>>>

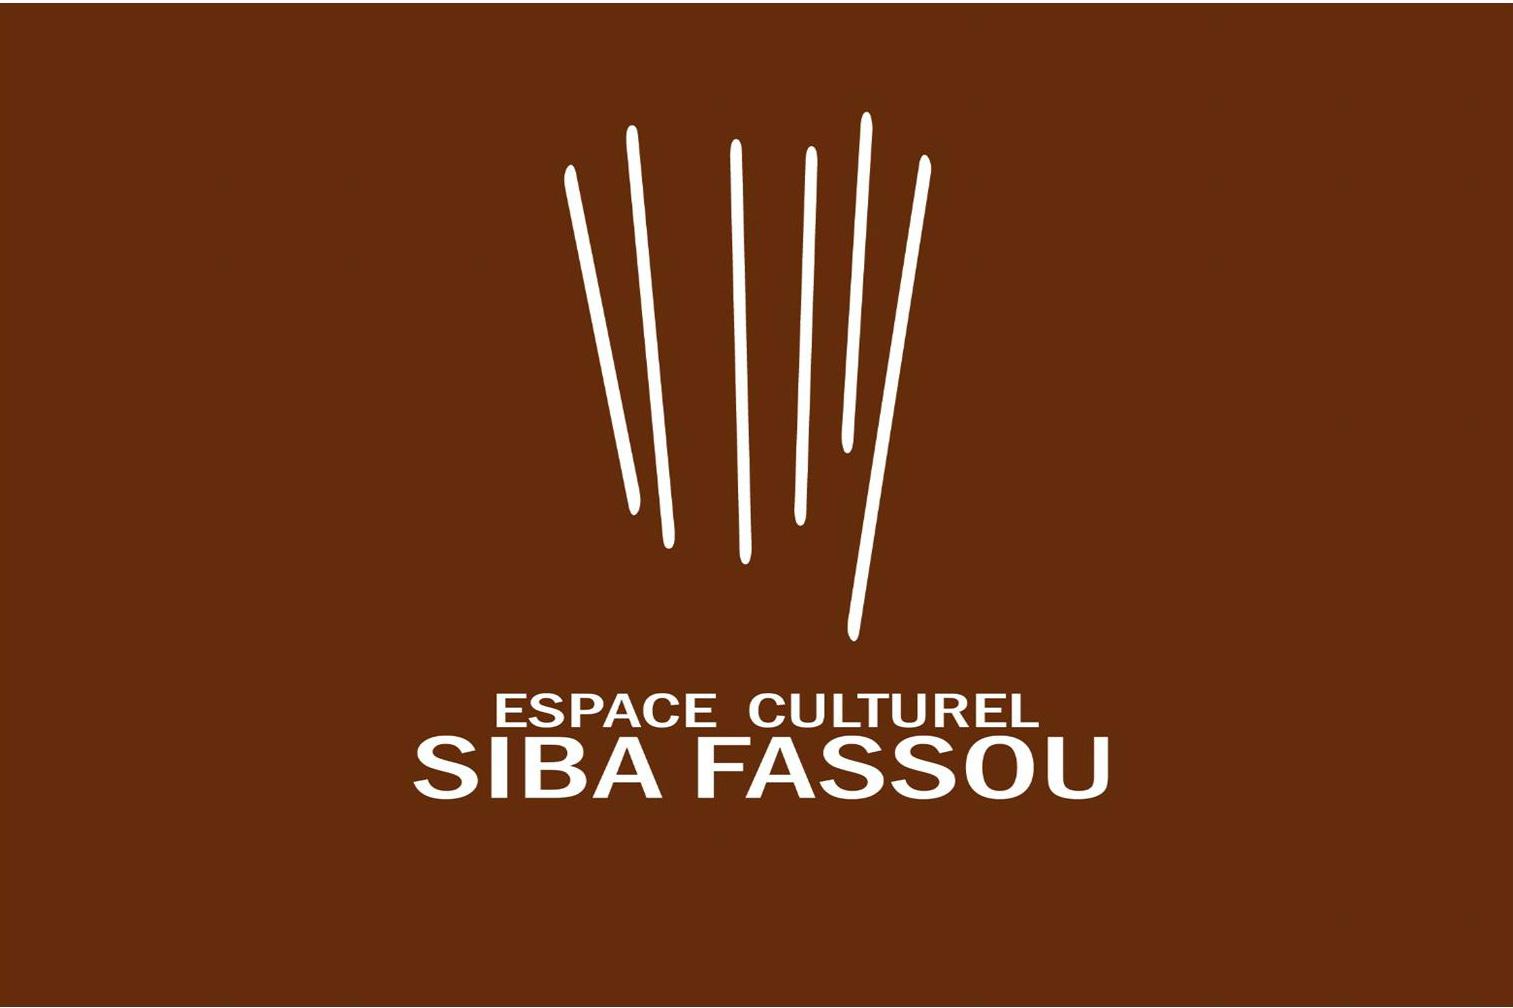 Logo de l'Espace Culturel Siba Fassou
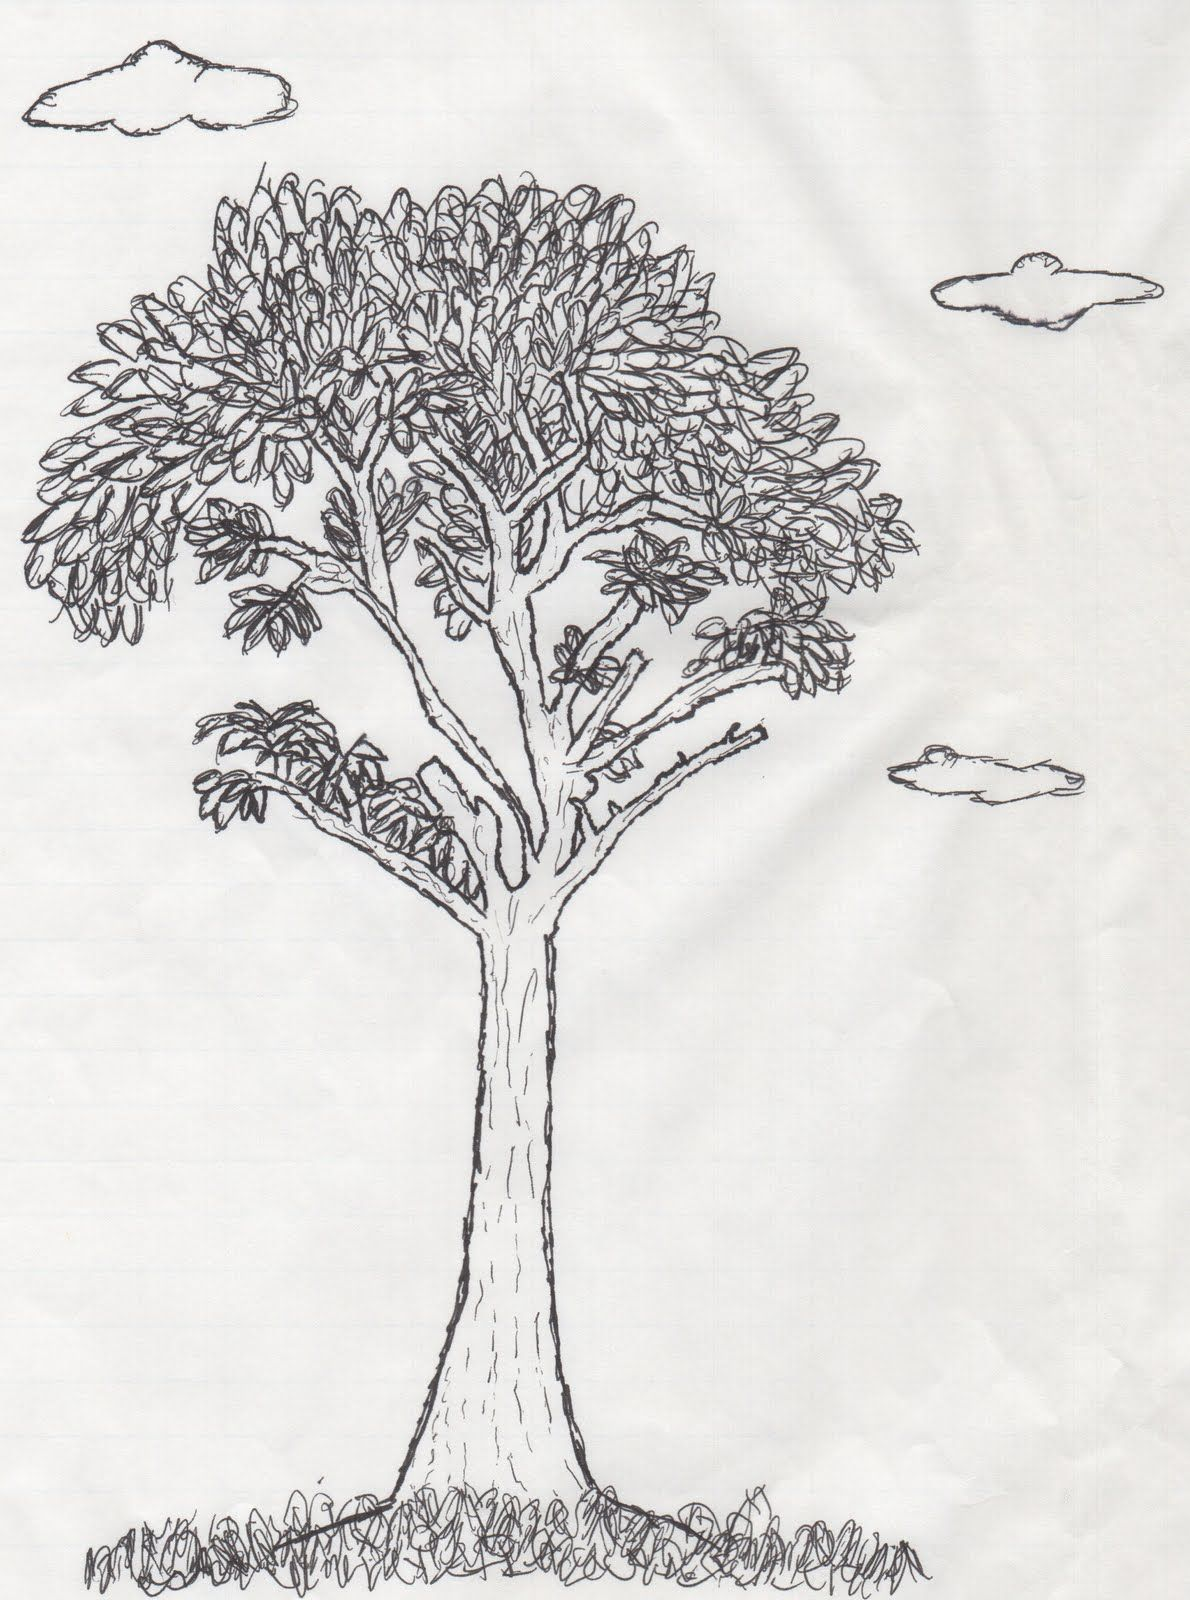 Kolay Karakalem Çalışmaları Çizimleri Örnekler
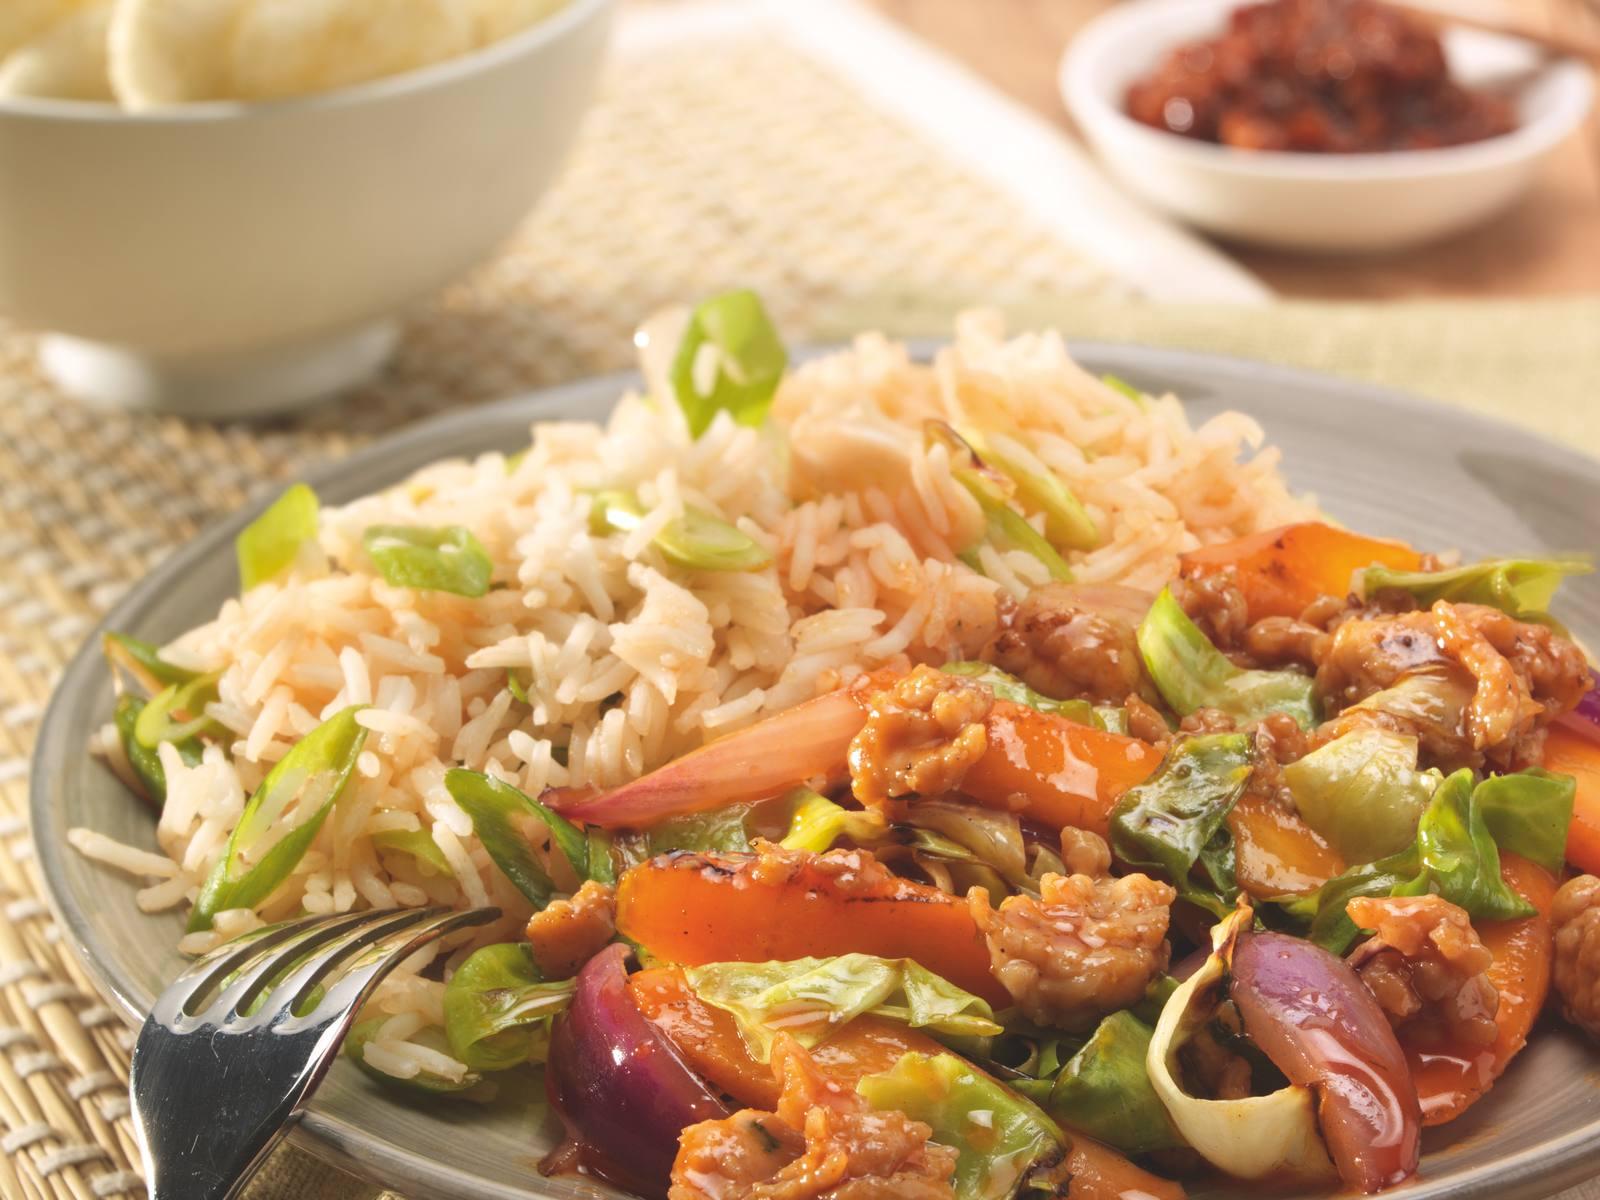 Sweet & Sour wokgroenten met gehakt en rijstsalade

<<<

§ **WHAT IS NEEDED**
The images are to be left out; every line above should be set down exactly.

§ **ANSWER SECTION**
 Logo de l'Espace Culturel Siba Fassou
 Kolay Karakalem Çalışmaları Çizimleri Örnekler
 Sweet & Sour wokgroenten met gehakt en rijstsalade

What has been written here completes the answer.